### Data
>>>
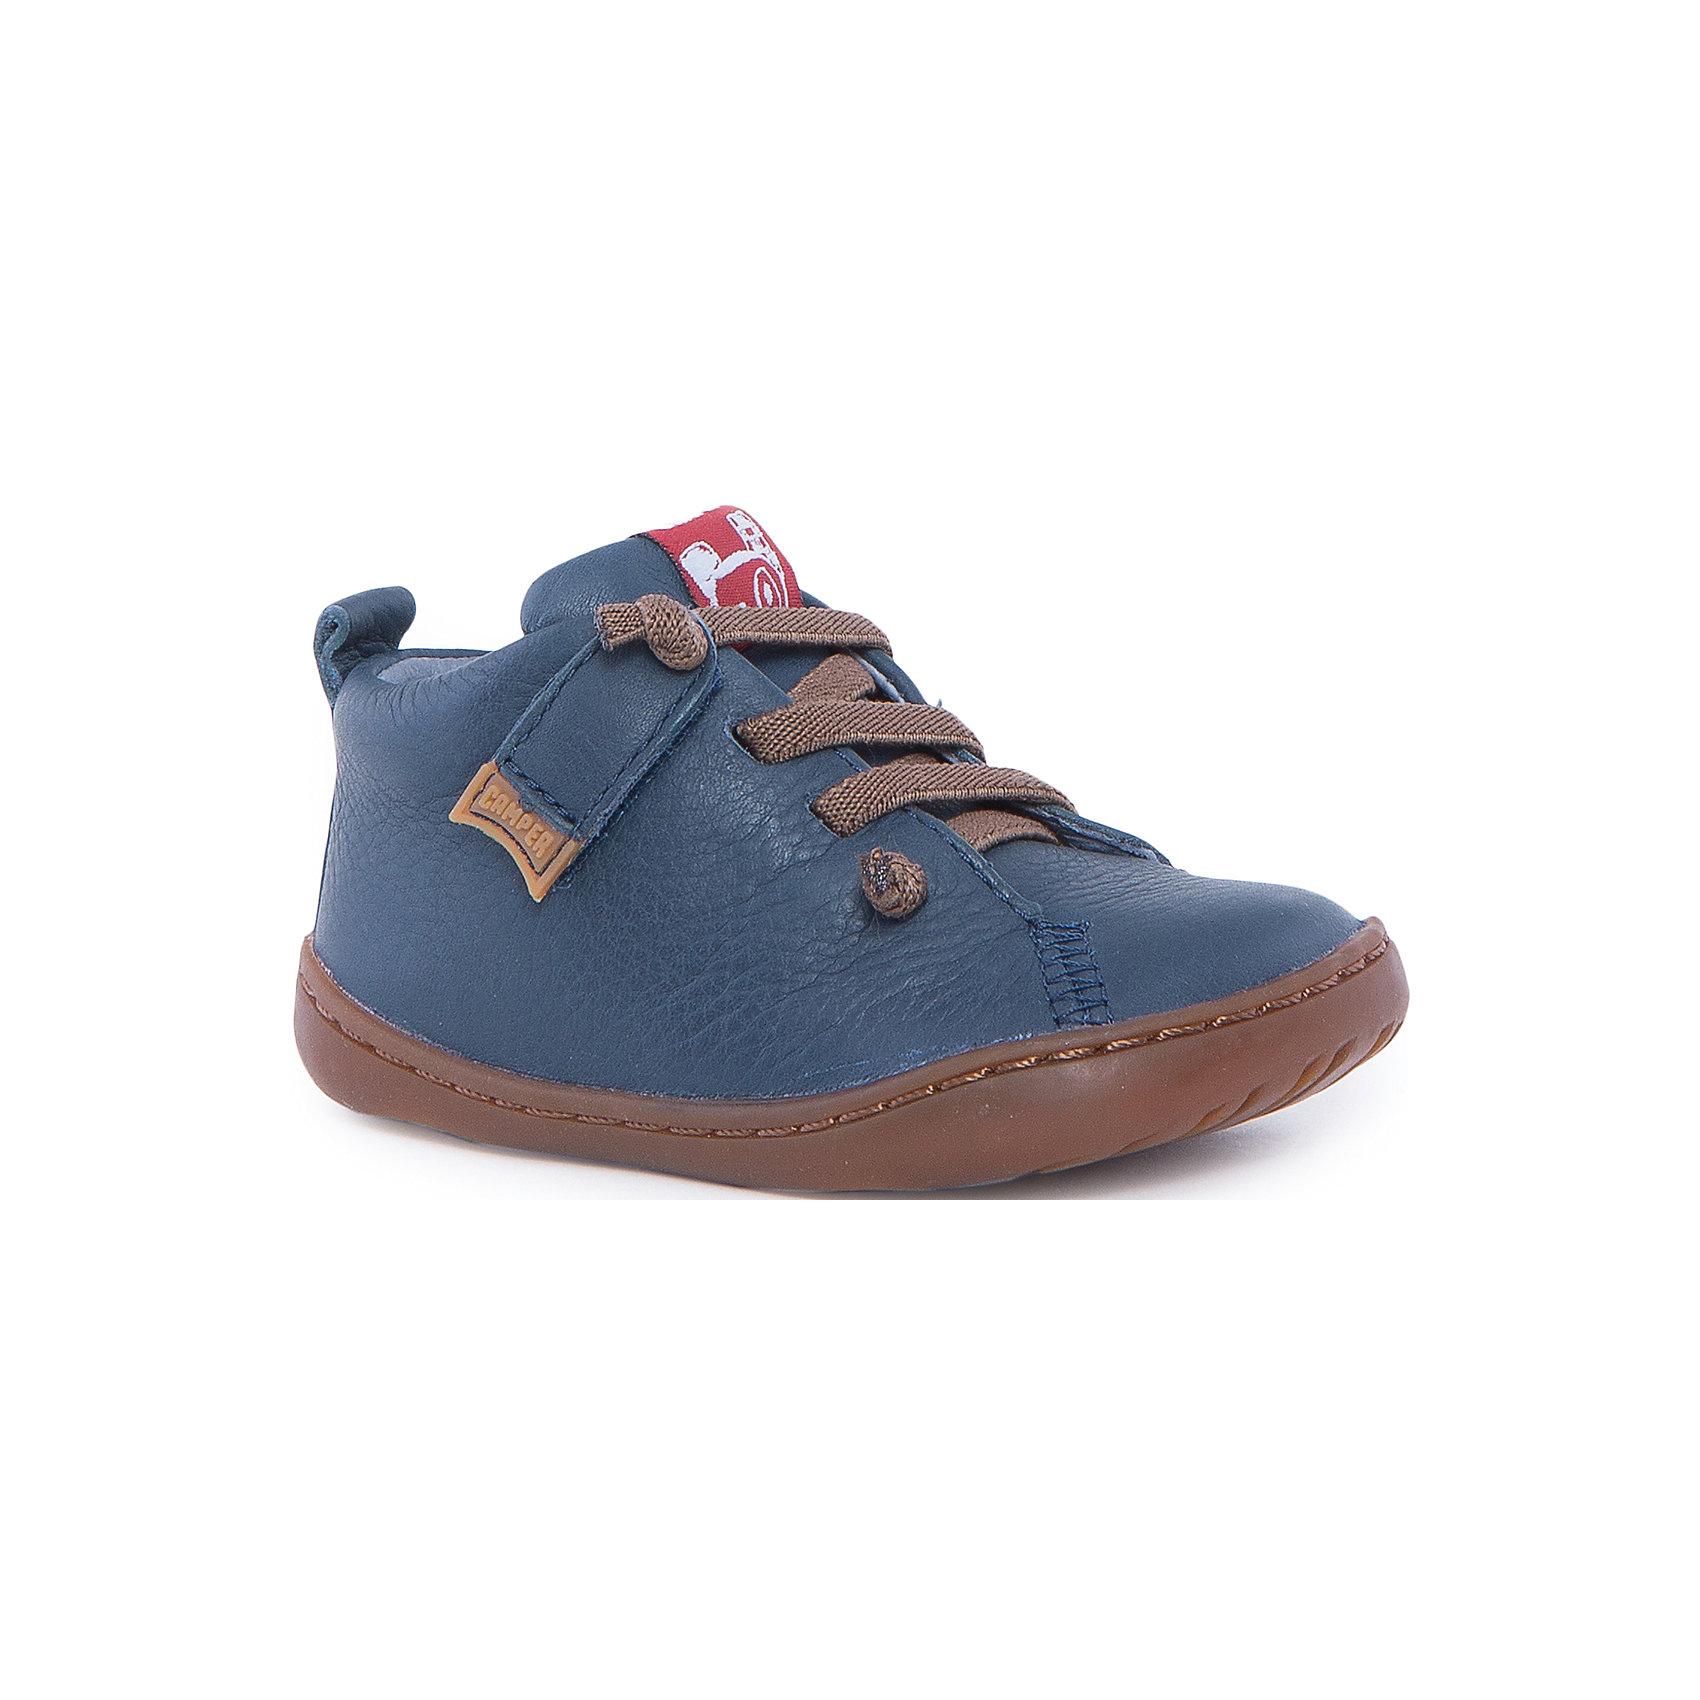 Ботинки для мальчика CamperХарактеристики:<br><br>• Предназначение: повседневная обувь<br>• Сезон: демисезонные<br>• Пол: для мальчика<br>• Цвет: синий, коричневый<br>• Материал верха и стельки: натуральная кожа<br>• Материал подошвы: резина<br>• Тип каблука и подошвы: плоская<br>• Тип застежки: на шнурках<br>• Уход: удаление загрязнений мягкой тканью<br><br>Полуботинки для мальчика Camper изготовлены испанским торговым брендом, специализирующимся на производстве обуви премиум-класса. Детская обувь Camper учитывает анатомические особенности детской растущей ноги, поэтому она изготавливается исключительно из натуральной кожи. Все элементы полуботинок прошиты зигзагообразной строчкой,  что придает обуви повышенную износоустойчивость. Также прошита подошва. Полуботинки имеют классическую форму и дизайн: выполнены в синем цвете, яркий элемент полуботинок: контрастирующие с основным цветом шнурки.<br><br>Полуботинки для мальчика Camper можно купить в нашем интернет-магазине.<br><br>Ширина мм: 262<br>Глубина мм: 176<br>Высота мм: 97<br>Вес г: 427<br>Цвет: синий<br>Возраст от месяцев: 18<br>Возраст до месяцев: 21<br>Пол: Мужской<br>Возраст: Детский<br>Размер: 23,21,22,25,24<br>SKU: 4974842
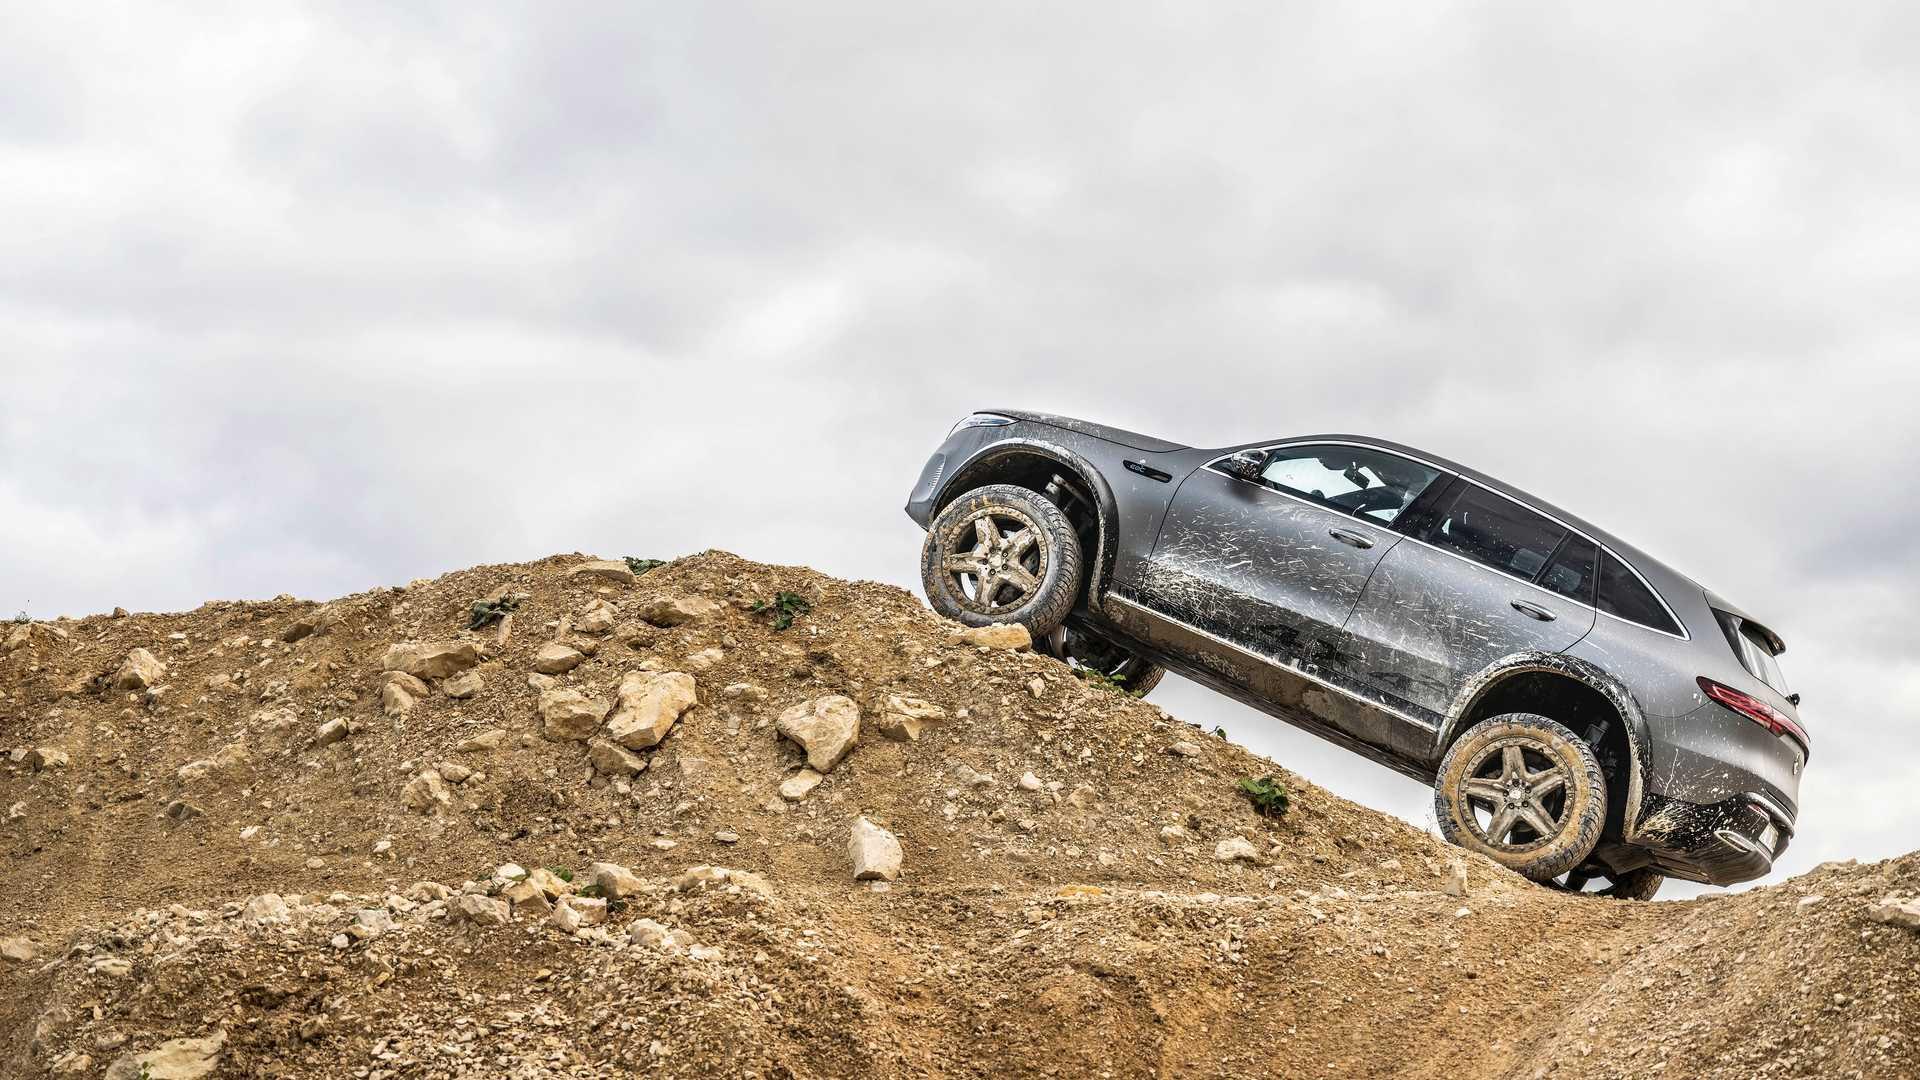 Mercedes-Benz EQC 400 4x4 Squared
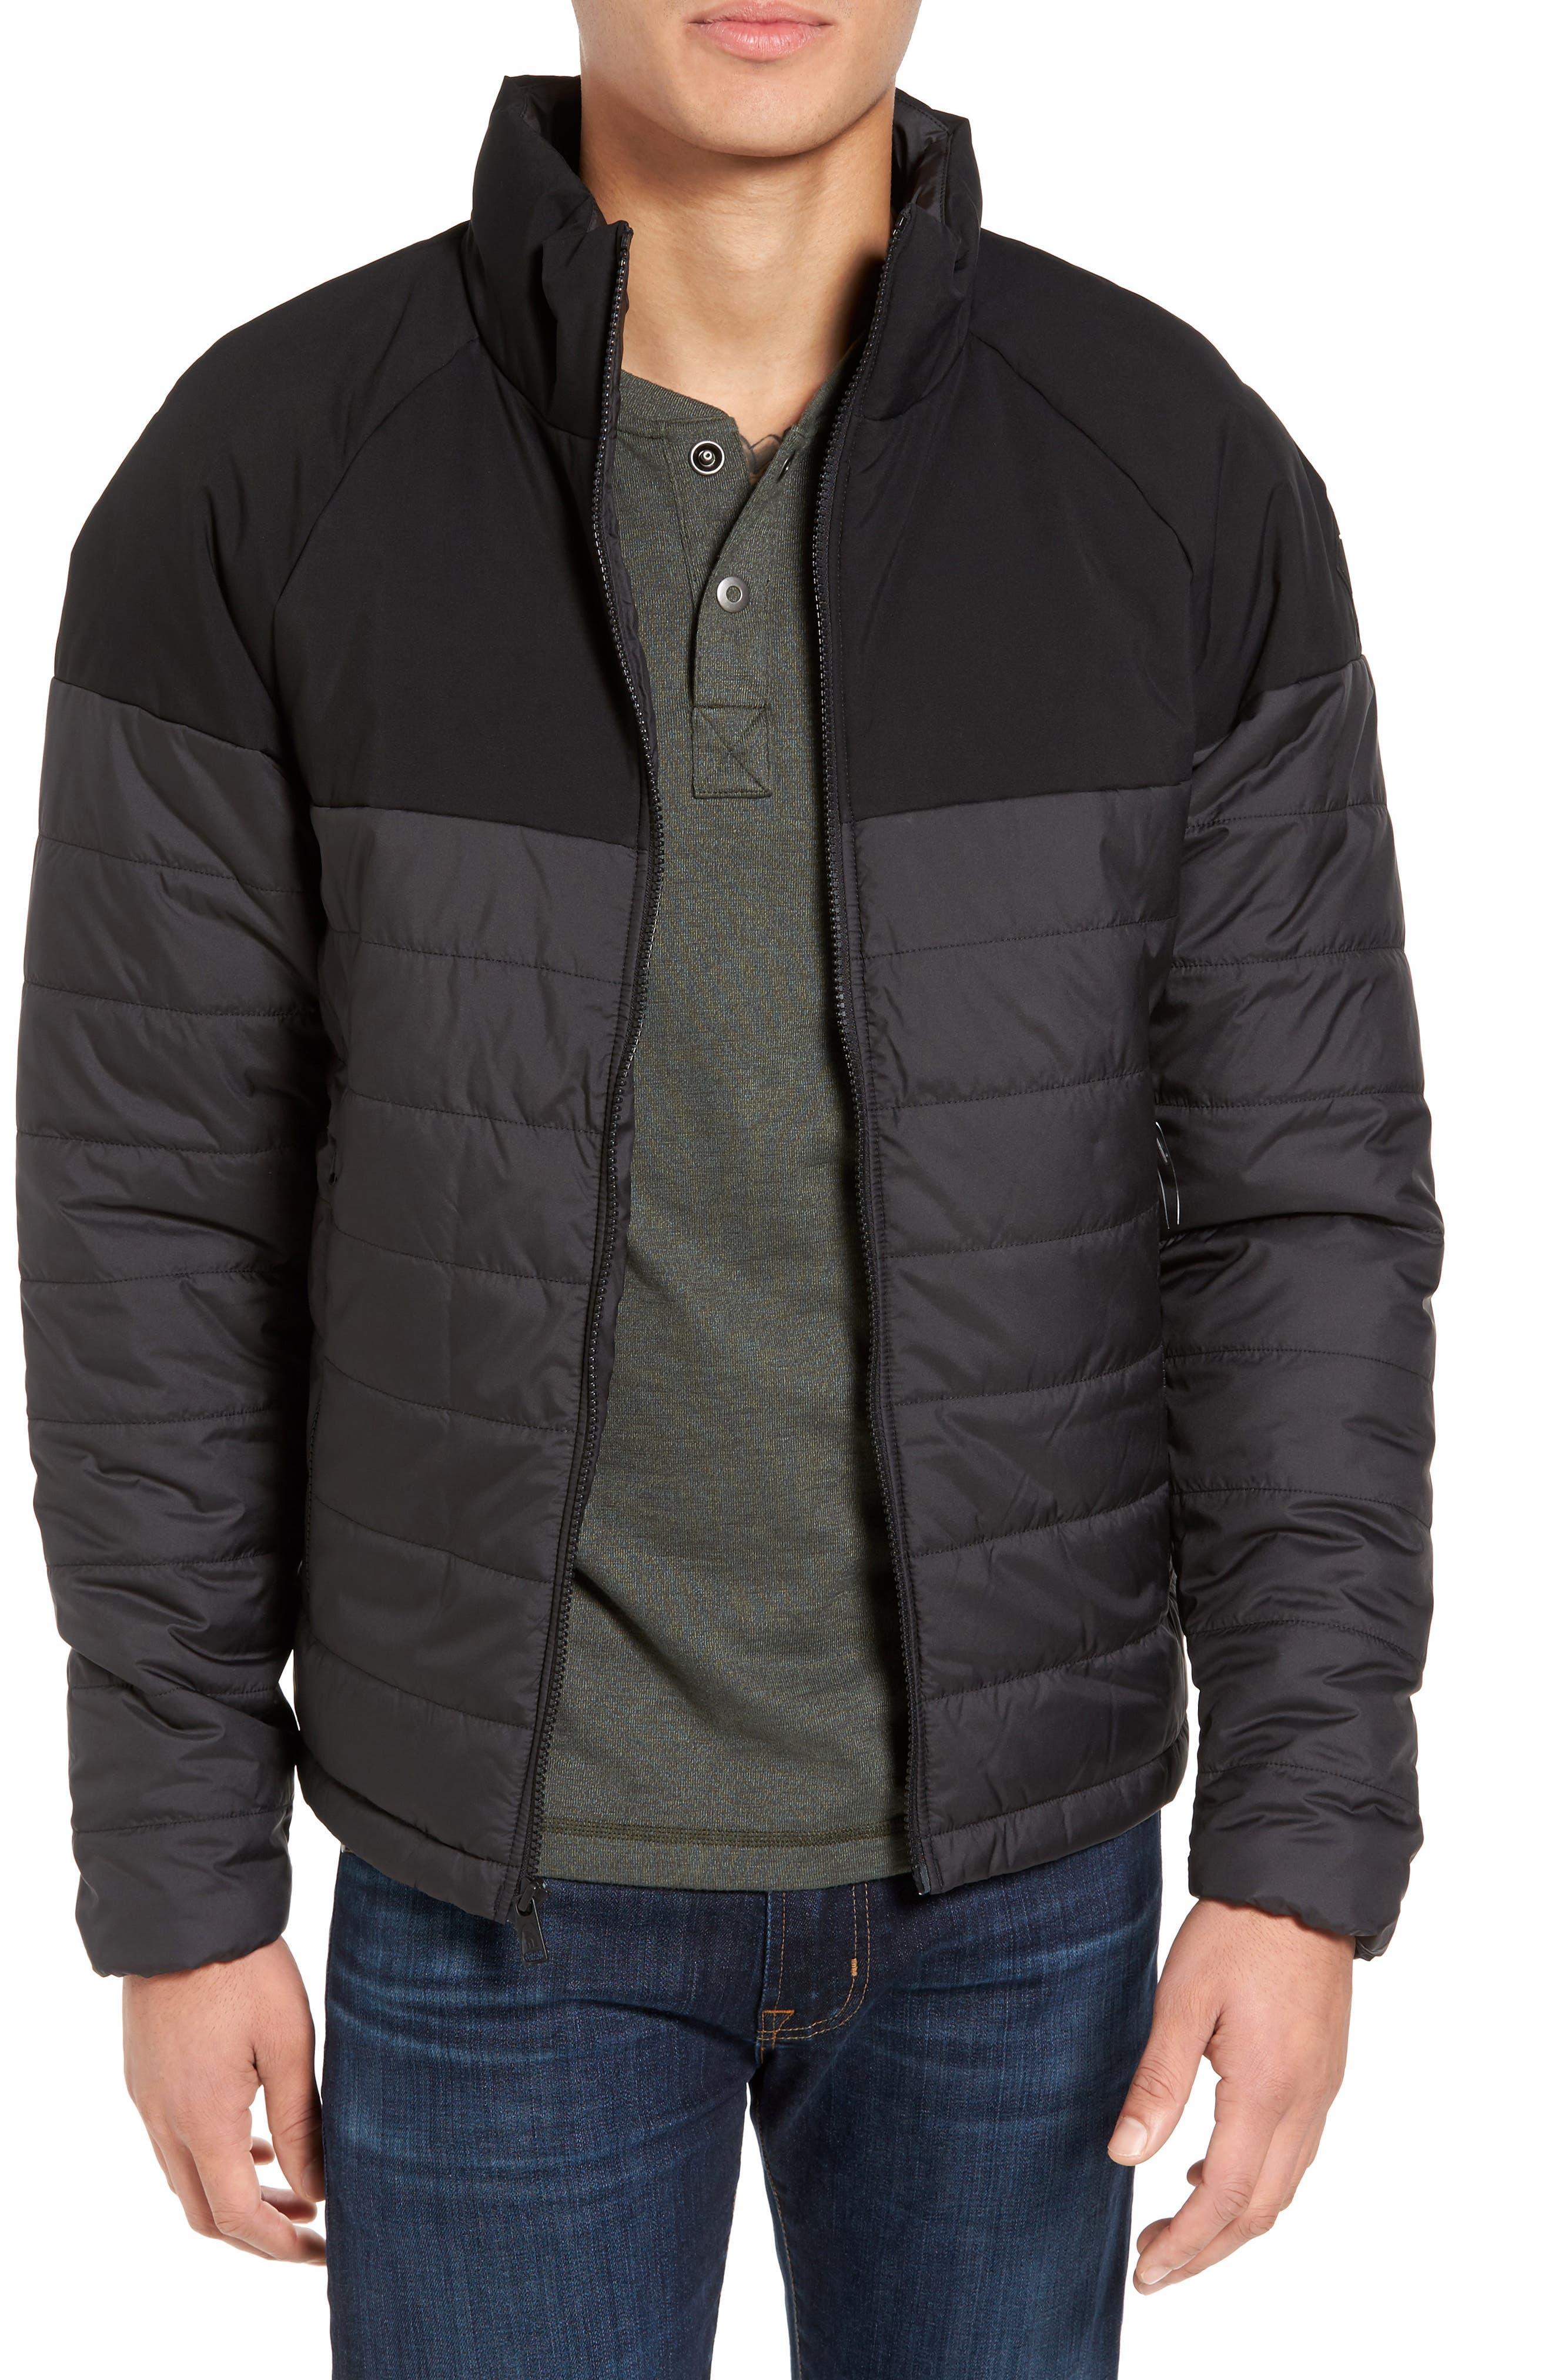 Skokie Jacket,                         Main,                         color, 001
<<<
### How to complete this task
Please return each line of the listing exactly as written, excluding the images.

### Response box
 Ботинки для мальчика CamperХарактеристики:<br><br>• Предназначение: повседневная обувь<br>• Сезон: демисезонные<br>• Пол: для мальчика<br>• Цвет: синий, коричневый<br>• Материал верха и стельки: натуральная кожа<br>• Материал подошвы: резина<br>• Тип каблука и подошвы: плоская<br>• Тип застежки: на шнурках<br>• Уход: удаление загрязнений мягкой тканью<br><br>Полуботинки для мальчика Camper изготовлены испанским торговым брендом, специализирующимся на производстве обуви премиум-класса. Детская обувь Camper учитывает анатомические особенности детской растущей ноги, поэтому она изготавливается исключительно из натуральной кожи. Все элементы полуботинок прошиты зигзагообразной строчкой,  что придает обуви повышенную износоустойчивость. Также прошита подошва. Полуботинки имеют классическую форму и дизайн: выполнены в синем цвете, яркий элемент полуботинок: контрастирующие с основным цветом шнурки.<br><br>Полуботинки для мальчика Camper можно купить в нашем интернет-магазине.<br><br>Ширина мм: 262<br>Глубина мм: 176<br>Высота мм: 97<br>Вес г: 427<br>Цвет: синий<br>Возраст от месяцев: 18<br>Возраст до месяцев: 21<br>Пол: Мужской<br>Возраст: Детский<br>Размер: 23,21,22,25,24<br>SKU: 4974842
 Mercedes-Benz EQC 400 4x4 Squared
 Skokie Jacket,                         Main,                         color, 001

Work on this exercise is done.